Based on this post I've decided that Azure Drive is not the best way to go.
Can someone guide me in the right direction (ideally with an example)? The best solution in my mind would be one that only requires a change to my config file. But I'm guessing that is not realistic.
Indeed, you want to use Azure Blob storage to save your files.
As for your coding question, consider creating an interface, call it IFileStore:
public interface IFileStore
{
void Save(string filePath, byte [] contents);
byte [] Read(string filePath);
}
Then you create 2 provider classes, one for the file system, and one for Azure Blob storage.

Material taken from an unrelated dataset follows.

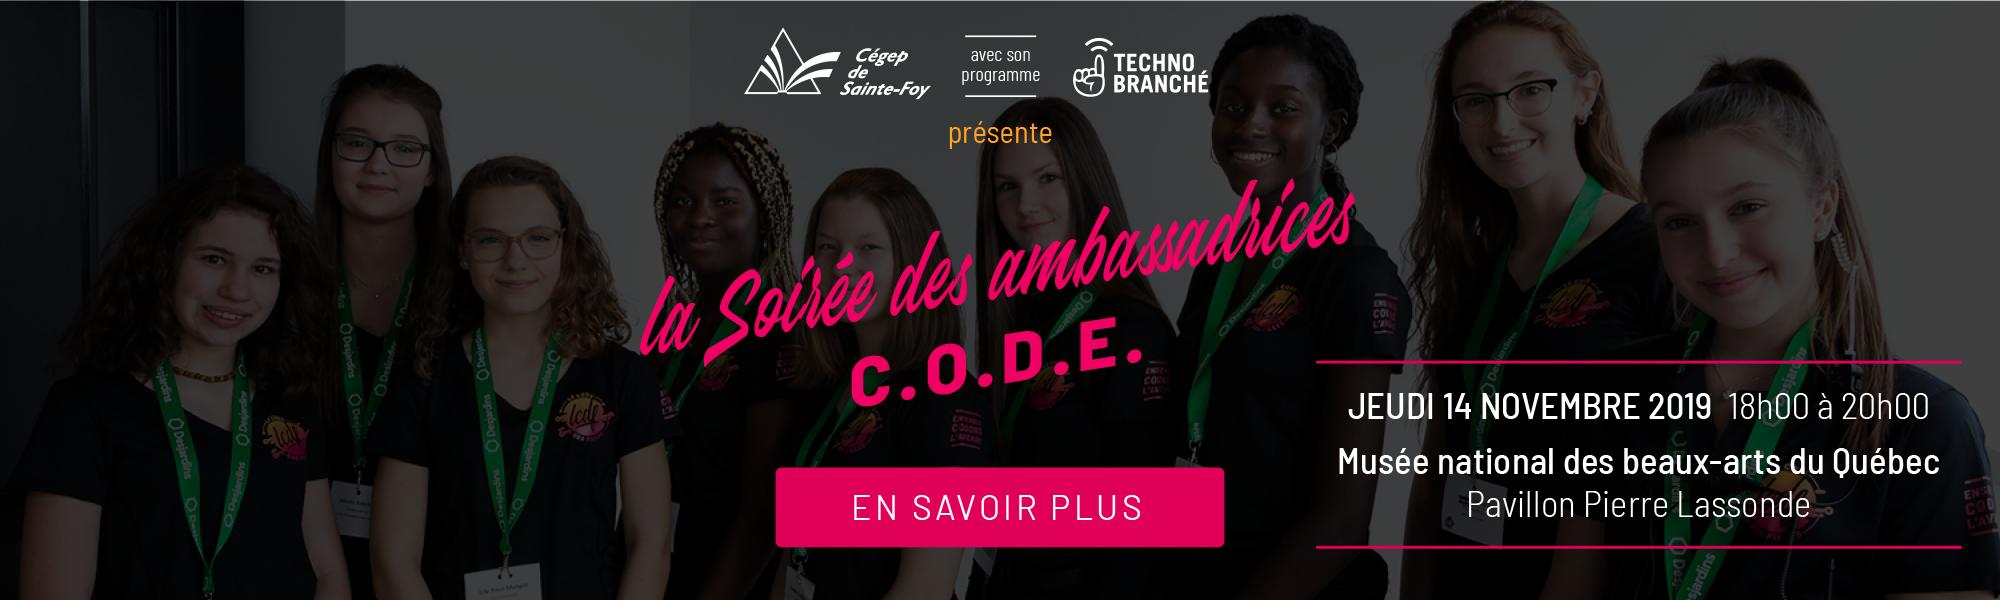 La soirée des ambassadrice C.O.D.E. Jeudi le 14 novembre 2019 de 18 à 20 heures au Musée national des beaux-arts du Québec, Pavillon Pierre Lassonde. Présenté par Cégep Ste-Foy avec son programme Techno branché.

The file system provider can implement the save function like this:
public void Save(string filePath, byte [] content)
{
File.WriteAllBytes(filePath, content);
}
public byte [] Read(string filePath)
{
return File.ReadAllBytes(filePath);
}
As for the Azure Blob provider, you will have to derive the storage path based on the filePath passed in to you.
Generally
For your storage, I'd recommend using Blob and Table storage - this allows multiple instances to access the storage simultaneously. If you want to assist with making the code portable, then I'd recommend abstracting your code behind interfaces/APIs (see #Philpp's answer).
e.g.
for your log file example, then table storage might be the best thing to use
for your image files, then blob storage might be the best thing to use
If you really want to use AzureDrive
I'd only recommend using AzureDrive if you are only ever going to deploy a single instance of your role - otherwise you will end up fighting problems with sharing files across multiple instances (and remember that only 1 instance can mount with write access at any one time)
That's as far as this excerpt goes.